▶ _STORED DATA_
- Opening Delimiter -

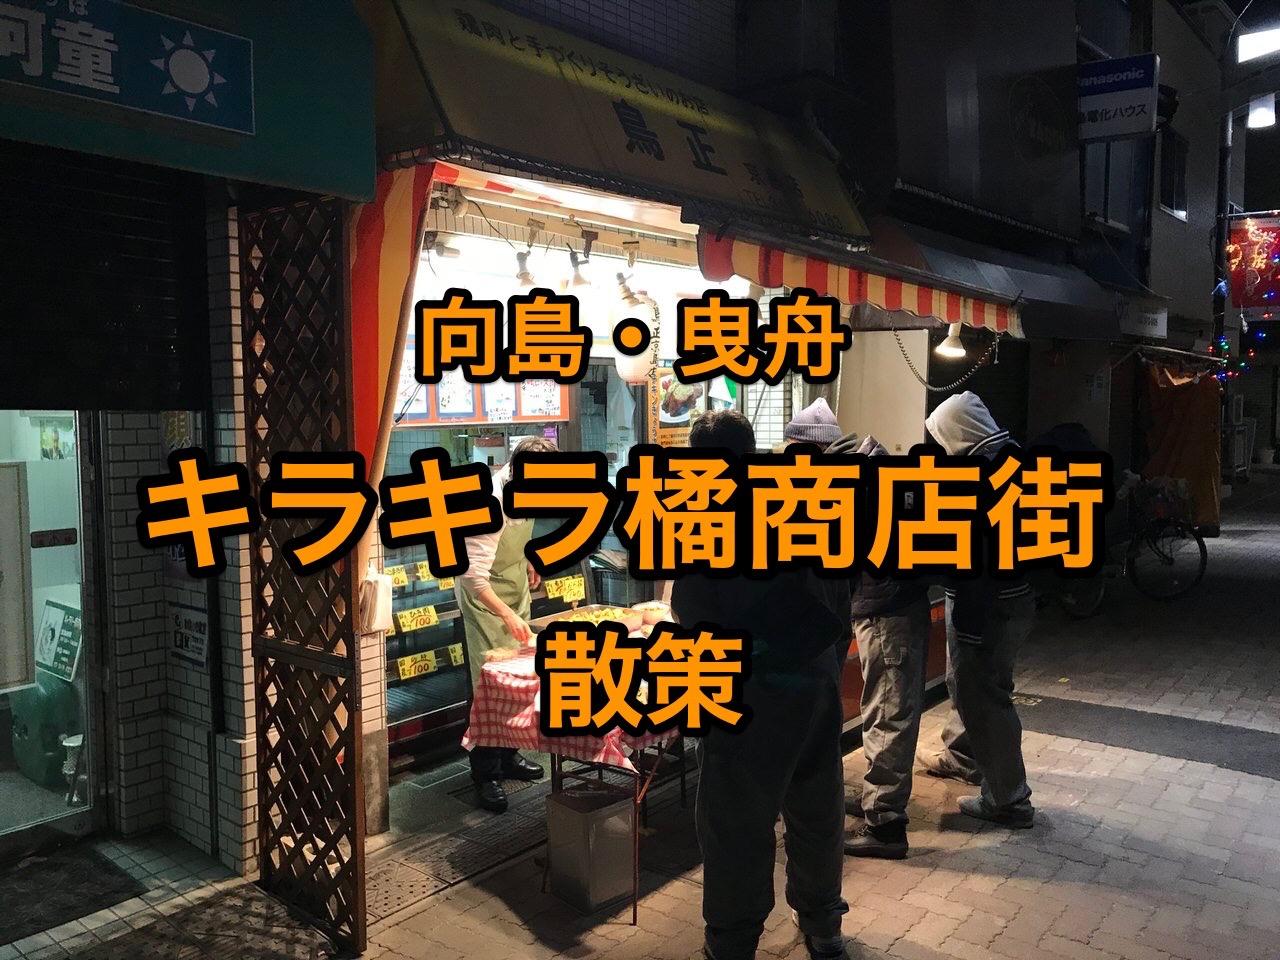 【曳舟】下町人情あふれる「キラキラ橘商店街」明るいうちからぜひ再訪したい!商店街で買って持ち込みしたい!【向島】
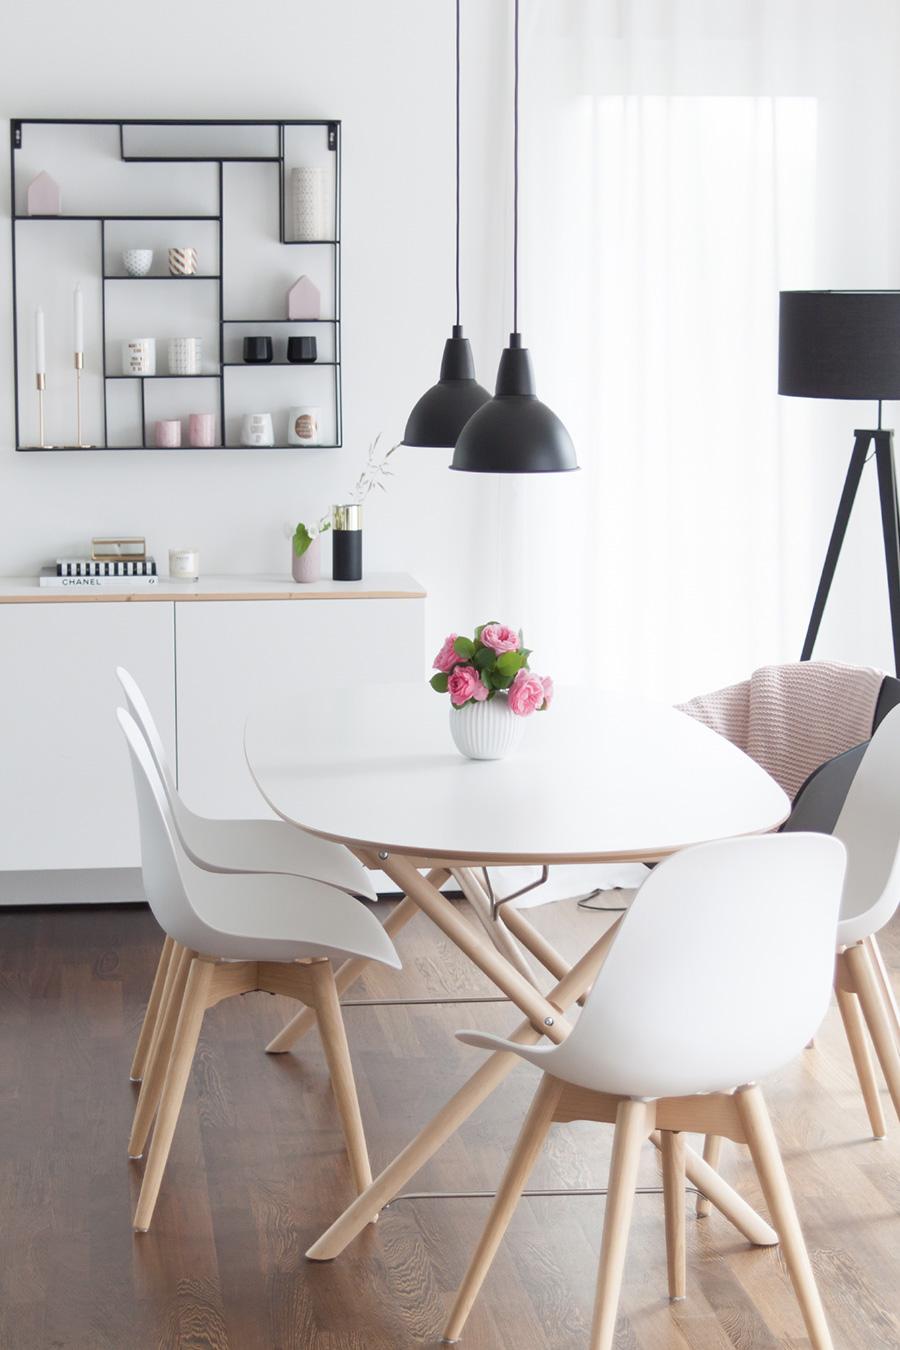 Ikea Esstisch weiß Inspiration
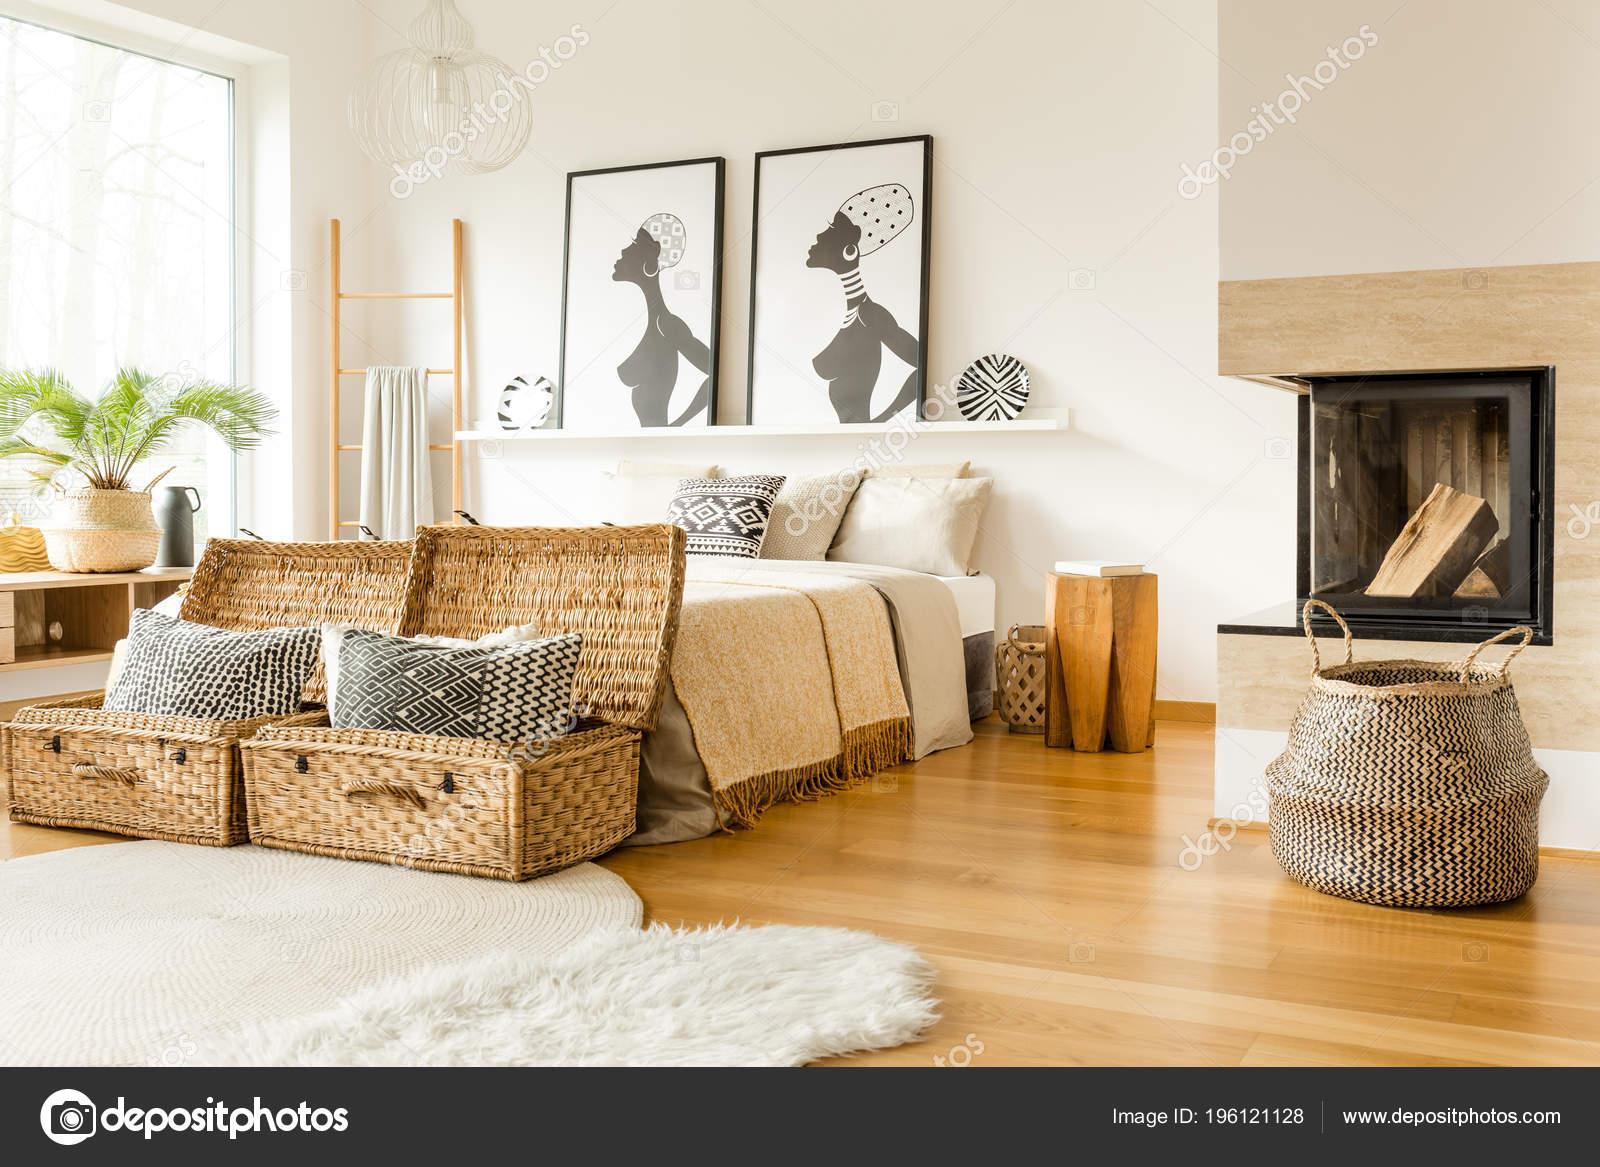 Kominek Wattle Pola Poduszki łóżka Afryki Plakaty Wnętrza

- Closing Delimiter -

▶ _EXERCISE DIRECTIONS_
No pictures should appear in the copy; write out exactly the lines from the one containing "Ikea Esstisch weiß Inspiration" through the end of the material.

▶ _WRITTEN REPLY_
 Ikea Esstisch weiß Inspiration
 Kominek Wattle Pola Poduszki łóżka Afryki Plakaty Wnętrza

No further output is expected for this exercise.